Records drawn from a dataset:

- - - - -

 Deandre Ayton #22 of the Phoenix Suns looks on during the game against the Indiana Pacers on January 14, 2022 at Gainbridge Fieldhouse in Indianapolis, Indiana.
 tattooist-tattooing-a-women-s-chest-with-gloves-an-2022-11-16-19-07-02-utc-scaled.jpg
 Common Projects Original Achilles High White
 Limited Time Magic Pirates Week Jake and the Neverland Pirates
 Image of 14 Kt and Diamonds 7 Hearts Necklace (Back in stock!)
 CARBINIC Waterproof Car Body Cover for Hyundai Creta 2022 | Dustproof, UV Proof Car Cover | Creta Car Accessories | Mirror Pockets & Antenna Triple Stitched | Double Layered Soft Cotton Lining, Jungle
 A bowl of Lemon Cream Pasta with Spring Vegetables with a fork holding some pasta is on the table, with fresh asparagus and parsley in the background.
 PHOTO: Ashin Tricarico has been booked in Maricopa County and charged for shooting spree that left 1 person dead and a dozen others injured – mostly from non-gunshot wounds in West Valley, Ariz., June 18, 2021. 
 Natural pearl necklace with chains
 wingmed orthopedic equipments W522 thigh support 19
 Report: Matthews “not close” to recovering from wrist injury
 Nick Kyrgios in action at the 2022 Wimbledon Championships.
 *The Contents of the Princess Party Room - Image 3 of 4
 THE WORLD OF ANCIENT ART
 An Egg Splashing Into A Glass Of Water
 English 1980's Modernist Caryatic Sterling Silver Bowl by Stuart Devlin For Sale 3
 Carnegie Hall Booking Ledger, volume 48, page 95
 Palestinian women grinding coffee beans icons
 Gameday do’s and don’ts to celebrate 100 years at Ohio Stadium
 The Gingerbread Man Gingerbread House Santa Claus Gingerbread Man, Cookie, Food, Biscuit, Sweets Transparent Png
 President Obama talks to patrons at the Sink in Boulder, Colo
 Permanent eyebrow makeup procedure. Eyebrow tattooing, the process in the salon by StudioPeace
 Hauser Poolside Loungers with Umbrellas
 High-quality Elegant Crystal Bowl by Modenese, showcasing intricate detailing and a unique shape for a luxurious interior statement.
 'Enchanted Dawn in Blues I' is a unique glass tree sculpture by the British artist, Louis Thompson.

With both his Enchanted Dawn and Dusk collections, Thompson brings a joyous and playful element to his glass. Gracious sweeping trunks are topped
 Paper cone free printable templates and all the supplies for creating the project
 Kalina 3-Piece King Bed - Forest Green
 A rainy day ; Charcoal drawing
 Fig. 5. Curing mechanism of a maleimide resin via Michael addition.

- - - - -

Output all records verbatim.

 Deandre Ayton #22 of the Phoenix Suns looks on during the game against the Indiana Pacers on January 14, 2022 at Gainbridge Fieldhouse in Indianapolis, Indiana.
 tattooist-tattooing-a-women-s-chest-with-gloves-an-2022-11-16-19-07-02-utc-scaled.jpg
 Common Projects Original Achilles High White
 Limited Time Magic Pirates Week Jake and the Neverland Pirates
 Image of 14 Kt and Diamonds 7 Hearts Necklace (Back in stock!)
 CARBINIC Waterproof Car Body Cover for Hyundai Creta 2022 | Dustproof, UV Proof Car Cover | Creta Car Accessories | Mirror Pockets & Antenna Triple Stitched | Double Layered Soft Cotton Lining, Jungle
 A bowl of Lemon Cream Pasta with Spring Vegetables with a fork holding some pasta is on the table, with fresh asparagus and parsley in the background.
 PHOTO: Ashin Tricarico has been booked in Maricopa County and charged for shooting spree that left 1 person dead and a dozen others injured – mostly from non-gunshot wounds in West Valley, Ariz., June 18, 2021. 
 Natural pearl necklace with chains
 wingmed orthopedic equipments W522 thigh support 19
 Report: Matthews “not close” to recovering from wrist injury
 Nick Kyrgios in action at the 2022 Wimbledon Championships.
 *The Contents of the Princess Party Room - Image 3 of 4
 THE WORLD OF ANCIENT ART
 An Egg Splashing Into A Glass Of Water
 English 1980's Modernist Caryatic Sterling Silver Bowl by Stuart Devlin For Sale 3
 Carnegie Hall Booking Ledger, volume 48, page 95
 Palestinian women grinding coffee beans icons
 Gameday do’s and don’ts to celebrate 100 years at Ohio Stadium
 The Gingerbread Man Gingerbread House Santa Claus Gingerbread Man, Cookie, Food, Biscuit, Sweets Transparent Png
 President Obama talks to patrons at the Sink in Boulder, Colo
 Permanent eyebrow makeup procedure. Eyebrow tattooing, the process in the salon by StudioPeace
 Hauser Poolside Loungers with Umbrellas
 High-quality Elegant Crystal Bowl by Modenese, showcasing intricate detailing and a unique shape for a luxurious interior statement.
 'Enchanted Dawn in Blues I' is a unique glass tree sculpture by the British artist, Louis Thompson.

With both his Enchanted Dawn and Dusk collections, Thompson brings a joyous and playful element to his glass. Gracious sweeping trunks are topped
 Paper cone free printable templates and all the supplies for creating the project
 Kalina 3-Piece King Bed - Forest Green
 A rainy day ; Charcoal drawing
 Fig. 5. Curing mechanism of a maleimide resin via Michael addition.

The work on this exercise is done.